Sunday, 7 December 2008

It Came Upon A Midnight Clear


The words for this American carol are based on a poem written by a young Unitarian minister in Massachusetts, Reverend Edmund Hamilton Sears (1810-1876), reportedly at the request of his friend and fellow minister, W. P. Lunt. It was first presented at his 1849 Sunday School Christmas celebration and was originally published on December 29th 1849 in a church magazine, The Christian Register. The poem was not the first Christmas poetry by Sears. He had written other Nativity lyrics and several books on religious topics. In addition, he was the editor for the Boston-based Monthly Religious Magazine from 1859 to 1871.
The following year, inspired by the poem, a friend of Sears, Richard Storrs Willis (1819-1900) adapted the words to a melody called "Carol", which he had written for the organ. Willis, who was an eminent editor and critic for the New York Tribune, had studied music in Europe as a young man, with, among others, Felix Mendelssohn, the composer of the music for “Hark! The Herald Angels Sing.”

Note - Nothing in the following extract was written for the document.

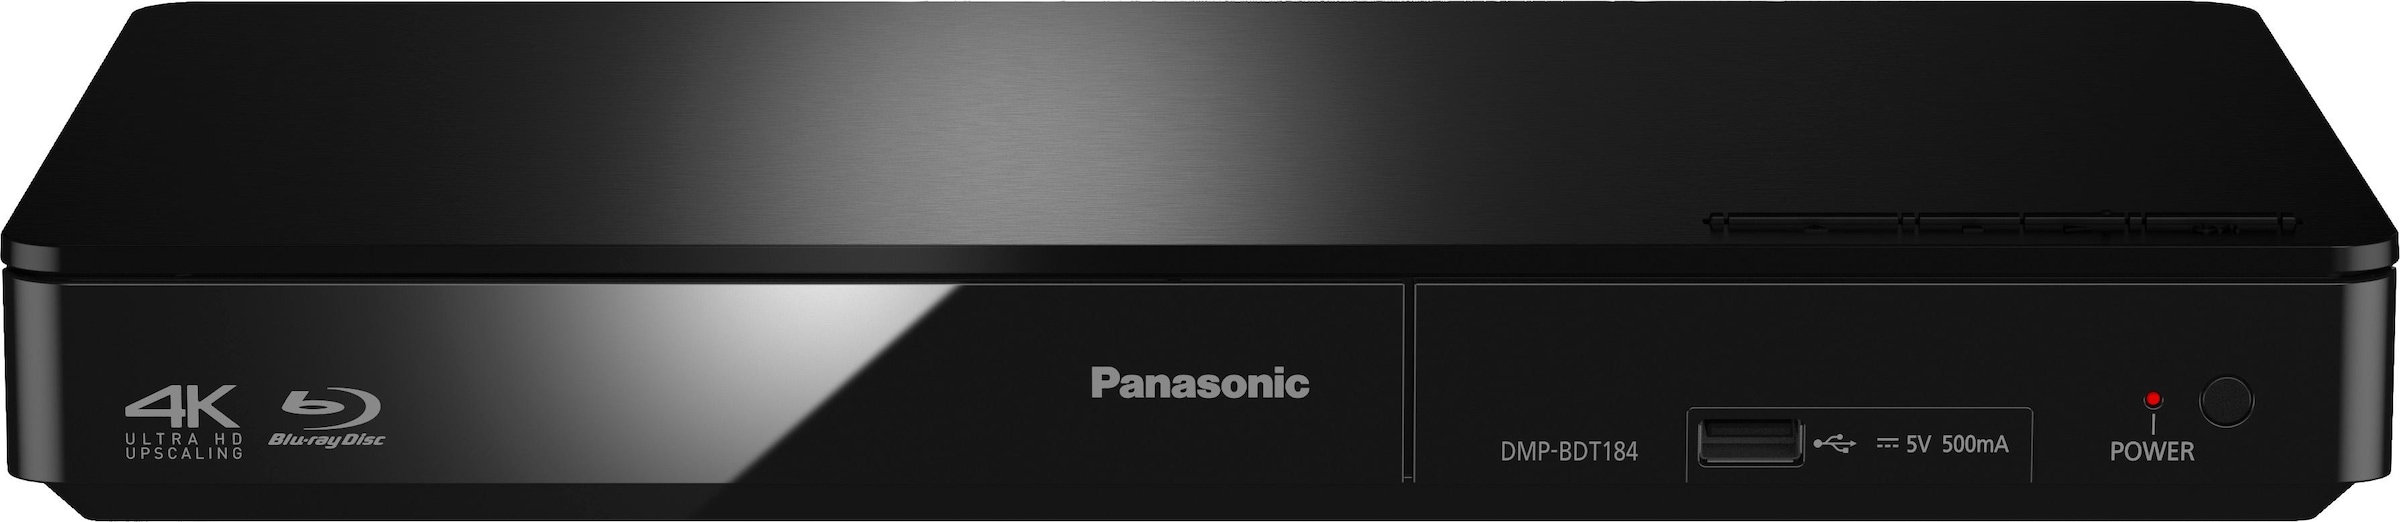 im DMP-BDT185«, LAN ❤ / (Ethernet), Upscaling-Schnellstart-Modus Blu-ray-Player 4K Jelmoli-Online Shop »DMP-BDT184 kaufen Panasonic

Mendelssohn so much admired Willis’s work that he rearranged some of it for orchestra.
It could be claimed that this was the first Christmas song to be composed in the United States, which is today considered to be a standard. In the mid 1850s the Americans were only beginning to celebrate the Christmas traditions of their English forebears. The influence of works such as A Christmas Carol by Charles Dickens were beginning to enthuse the American nation. Within twenty years other classic carols celebrating Christmas such as, "We Three Kings of Orient Are", "Jingle Bells", "I Heard the Bells on Christmas Day" and "O Little Town of Bethlehem" had been written in the United States.
(I originally wrote this for Songfacts).